BFS can be specialised to solve the following problems in $O(n+m)$ time:

- Compute the connected components of a graph
- Compute a spanning forest of a graph
- Find a simple cycle in G
- Find the shortest path between two vertices
**DFS cannot do this, this property is unique to BFS**

## Directed Graphs

A *digraph* (short for directed graph) is a graph whose edges are all directed.
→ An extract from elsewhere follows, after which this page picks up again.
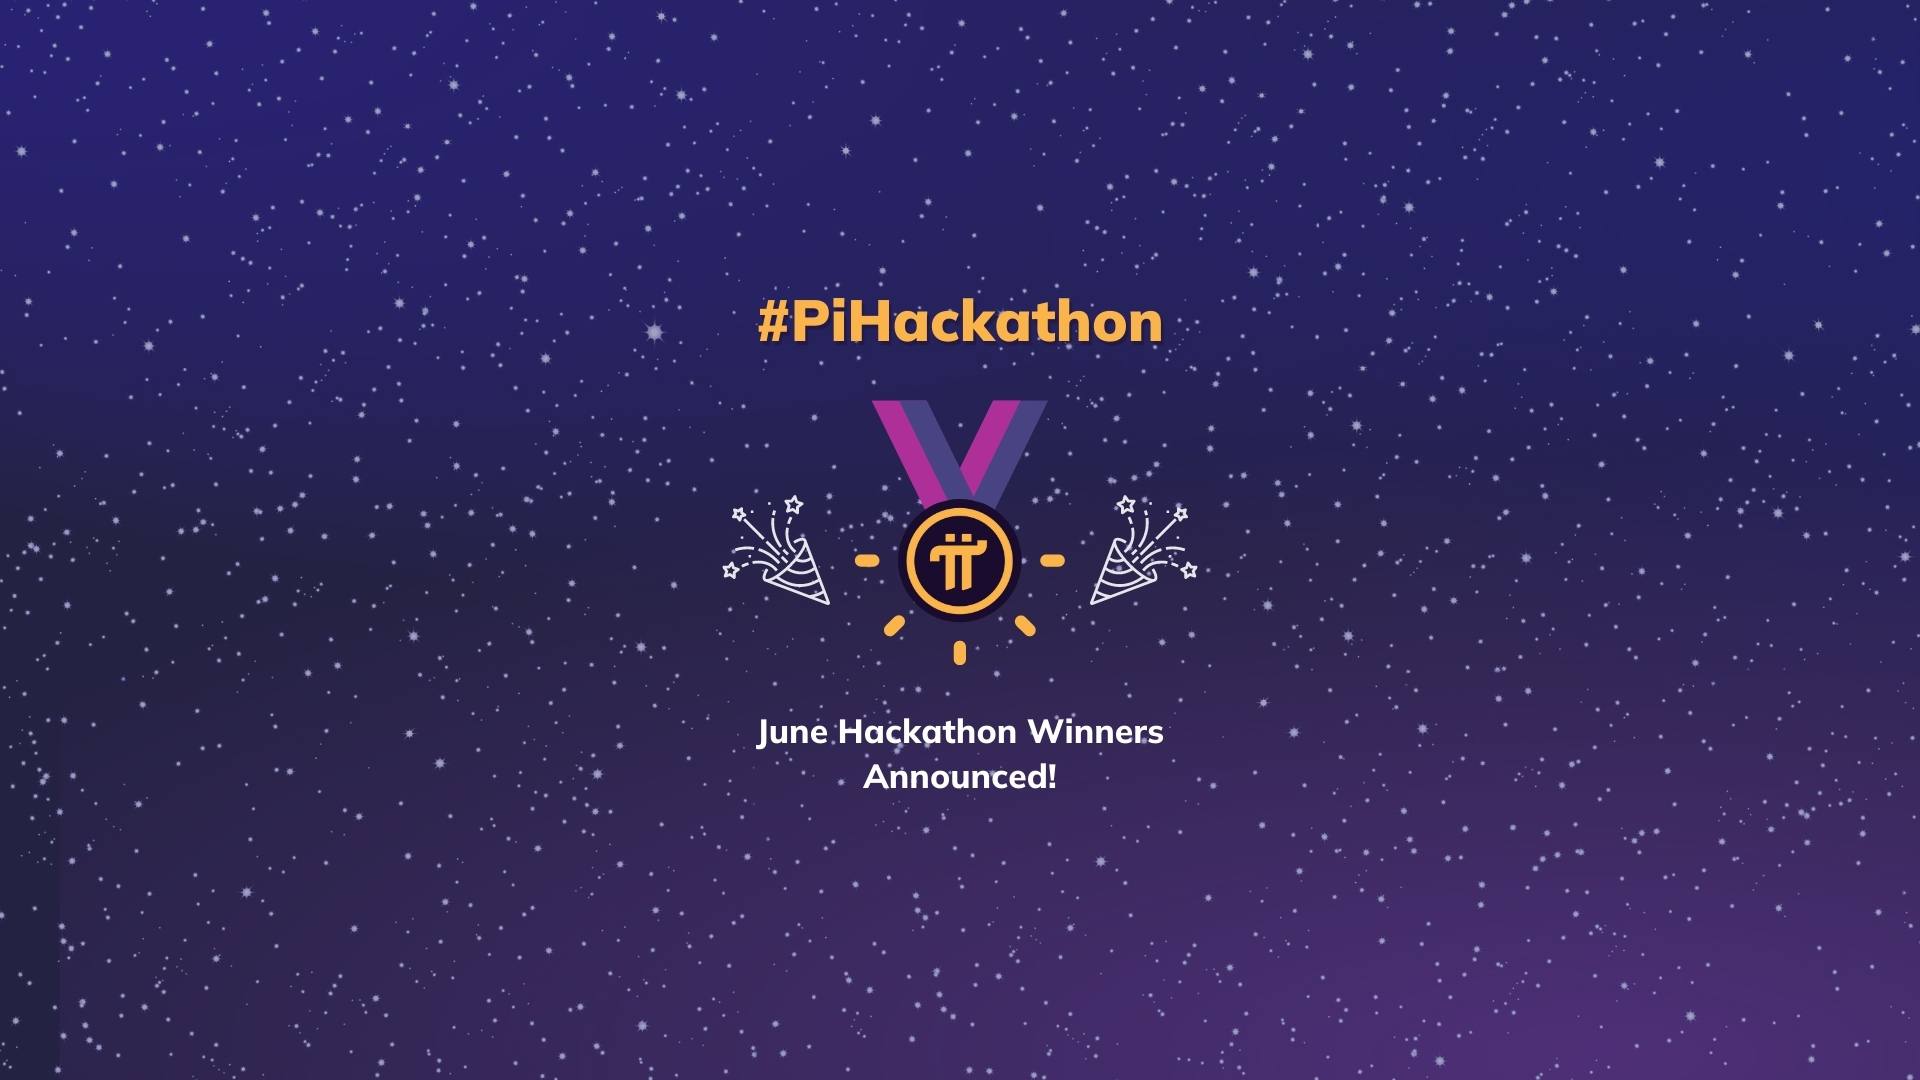 Announcing the June #PiHackathon Winner: TanTan for Pi!

- Each edge goes in only one direction
- Edge $(a,b)$ goes from a to b but
**not**from b to a - If the graph is simple and has $n$ vertices and $m$ edges, $m≤n2n−1 $
- DFS and BFS can be specialised to traversing directed edges
- A directed DFS starting at a vertex $s$ determines the vertices
*reachable*from $s$ - One vertex is reachable from another if there is a directed path to it

- A directed DFS starting at a vertex $s$ determines the vertices

### Strong Connectivity

A digraph is said to be *strongly connected* if each vertex can reach all other vertices. This property can be identified in $O(n+m)$ time with the following algorithm:

- Pick a vertex $v$ in the graph $G$
- Perform a DFS starting from $v$
- If theres a vertex not visited, return false

- Let $G_{′}$ be $G$ with all the edge directions reversed
- Perform a DFS starting from $v$ in $G_{′}$
- If theres a vertex not visited, return false
- Else, return True

### Transitive Closure

Given a digraph $G$, the transitive closure of $G$ is the digraph $G∗$ such that:

- $G∗$ has the same vertices as $G$
- If $G$ has a directed path from $u$ to $v$, then G* also has a directed *edge* from $u$ to $v$
- In $G∗$, every pair of vertices with a path between them in $G$ is now adjacent
- The transitive closure provides reachability information about a digraph

The transitive closure can be computed by doing a DFS starting at each vertex. However, this takes $O(n(n+m))$ time. Alternatively, there is the Floyd-Warshall algorithm:

- For the graph $G$, number the vertices $1,2,...,n$
- Compute the graphs $G_{0},...,G_{n}$
- $G_{0}=G$
- $G_{k}$ has directed edge $(v_{i},v_{j})$ if $G$ has a directed path from $v_{i}$ to $v_{j}$ with intermediate vertices $v_{1},...,v_{k}$

- Digraph $G_{k}$ is computed from $G_{k−1}$
- $G_{n}=G∗$
- Add $(v_{i},v_{j})$ if edges $(v_{i},v_{k})$ and $(v_{k},v_{j})$ appear in $G_{k−1}$

In pseudocode:

```
for k=1 to n
Gk = Gk_1
for i=1 to n (i != k)
for j=1 to n (j != i, j!=k)
if G_(k-1).areAdjacent(vi,vk) && G_(k-1).areAdjacent(vk,vj)
if !G_(k-1).areAdjacent(vi,vj)
G_k.insertDirectedEdge(vi,vj,k)
return G_n
```

This algorithm takes $O(n_{3})$ time. Basically, at each iteration a new vertex is introduced, and each vertex is checked to see if a path exists through the newly added vertex. If it does, a directed edge is inserted to transitively close the graph.

### Topological Ordering

- A Directed Acyclic Graph (DAG) is digraph that has no directed cycles
- A topological ordering of a digraph is a numbering $v_{1},v_{2},...,v_{n}$ of the vertices such that for every edge $(v_{i},v_{j})$, $i<j$
- The vertex it points to is always greater than it

- A digraph can have a topological ordering
**if and only if it is a DAG**

A topological ordering can be calculated using a DFS:

```
public static void topDFS(Graph G, Vertex v){
v.visited = true
for(Edge e: v.edges){
w = opposite(v,e)
if(w.visited = false)
topDFS(G,w)
else{
v.label = n
n = n-1
}
}
}
```

The first node encountered in the DFS is assigned $n$, the one after that $n−1$, and so on until all nodes are labelled.